*** Data to use ***

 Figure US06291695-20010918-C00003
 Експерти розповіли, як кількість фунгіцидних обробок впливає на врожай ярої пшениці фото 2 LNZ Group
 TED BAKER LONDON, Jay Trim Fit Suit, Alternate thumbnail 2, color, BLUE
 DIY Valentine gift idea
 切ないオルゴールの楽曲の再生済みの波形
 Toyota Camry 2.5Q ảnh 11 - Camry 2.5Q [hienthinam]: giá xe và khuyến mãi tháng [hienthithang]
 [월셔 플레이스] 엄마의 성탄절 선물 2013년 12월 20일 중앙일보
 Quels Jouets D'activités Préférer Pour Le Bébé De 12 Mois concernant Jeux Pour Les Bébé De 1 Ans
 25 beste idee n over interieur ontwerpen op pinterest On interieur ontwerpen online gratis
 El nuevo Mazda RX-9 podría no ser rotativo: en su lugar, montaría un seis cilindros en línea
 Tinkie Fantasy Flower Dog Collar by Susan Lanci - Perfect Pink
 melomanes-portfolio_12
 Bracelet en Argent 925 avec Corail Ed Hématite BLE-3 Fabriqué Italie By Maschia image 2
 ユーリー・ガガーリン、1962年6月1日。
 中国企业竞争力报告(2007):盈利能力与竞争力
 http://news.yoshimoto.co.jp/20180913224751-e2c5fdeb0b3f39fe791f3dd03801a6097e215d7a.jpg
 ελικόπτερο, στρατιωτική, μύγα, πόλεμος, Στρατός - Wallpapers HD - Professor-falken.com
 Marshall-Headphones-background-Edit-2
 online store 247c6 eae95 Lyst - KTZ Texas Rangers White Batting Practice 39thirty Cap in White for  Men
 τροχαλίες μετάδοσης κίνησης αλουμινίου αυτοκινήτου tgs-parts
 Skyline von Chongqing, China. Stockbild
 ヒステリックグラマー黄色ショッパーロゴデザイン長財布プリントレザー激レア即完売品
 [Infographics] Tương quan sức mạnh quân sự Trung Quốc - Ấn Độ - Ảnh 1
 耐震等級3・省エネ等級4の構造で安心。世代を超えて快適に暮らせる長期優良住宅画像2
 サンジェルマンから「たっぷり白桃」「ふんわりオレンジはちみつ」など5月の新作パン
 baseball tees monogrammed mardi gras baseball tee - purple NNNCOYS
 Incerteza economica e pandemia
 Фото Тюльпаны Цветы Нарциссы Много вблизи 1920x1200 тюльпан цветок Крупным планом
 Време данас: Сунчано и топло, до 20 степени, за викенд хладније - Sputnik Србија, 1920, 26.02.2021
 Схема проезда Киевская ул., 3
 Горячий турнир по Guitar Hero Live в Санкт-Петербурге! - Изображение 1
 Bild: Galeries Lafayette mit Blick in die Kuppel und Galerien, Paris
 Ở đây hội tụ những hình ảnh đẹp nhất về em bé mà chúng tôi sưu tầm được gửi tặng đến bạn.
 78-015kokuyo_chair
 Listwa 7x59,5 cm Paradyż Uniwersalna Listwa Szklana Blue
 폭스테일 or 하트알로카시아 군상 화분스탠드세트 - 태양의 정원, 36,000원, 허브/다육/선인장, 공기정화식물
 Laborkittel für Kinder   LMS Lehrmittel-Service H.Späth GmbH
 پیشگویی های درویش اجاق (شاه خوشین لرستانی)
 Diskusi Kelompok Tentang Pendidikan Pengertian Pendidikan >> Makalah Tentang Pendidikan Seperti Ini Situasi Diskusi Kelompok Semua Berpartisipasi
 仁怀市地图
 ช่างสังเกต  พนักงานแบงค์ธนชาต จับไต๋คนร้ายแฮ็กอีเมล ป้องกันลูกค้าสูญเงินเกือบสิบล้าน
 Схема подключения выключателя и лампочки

*** End of Data to use ***

What you need to do = What you give back should be only the lines of the records above, starting at the line with "Схема проезда Киевская ул., 3" and ending at the line with "پیشگویی های درویش اجاق (شاه خوشین لرستانی)", restated word for word.

Completed exercise =
 Схема проезда Киевская ул., 3
 Горячий турнир по Guitar Hero Live в Санкт-Петербурге! - Изображение 1
 Bild: Galeries Lafayette mit Blick in die Kuppel und Galerien, Paris
 Ở đây hội tụ những hình ảnh đẹp nhất về em bé mà chúng tôi sưu tầm được gửi tặng đến bạn.
 78-015kokuyo_chair
 Listwa 7x59,5 cm Paradyż Uniwersalna Listwa Szklana Blue
 폭스테일 or 하트알로카시아 군상 화분스탠드세트 - 태양의 정원, 36,000원, 허브/다육/선인장, 공기정화식물
 Laborkittel für Kinder   LMS Lehrmittel-Service H.Späth GmbH
 پیشگویی های درویش اجاق (شاه خوشین لرستانی)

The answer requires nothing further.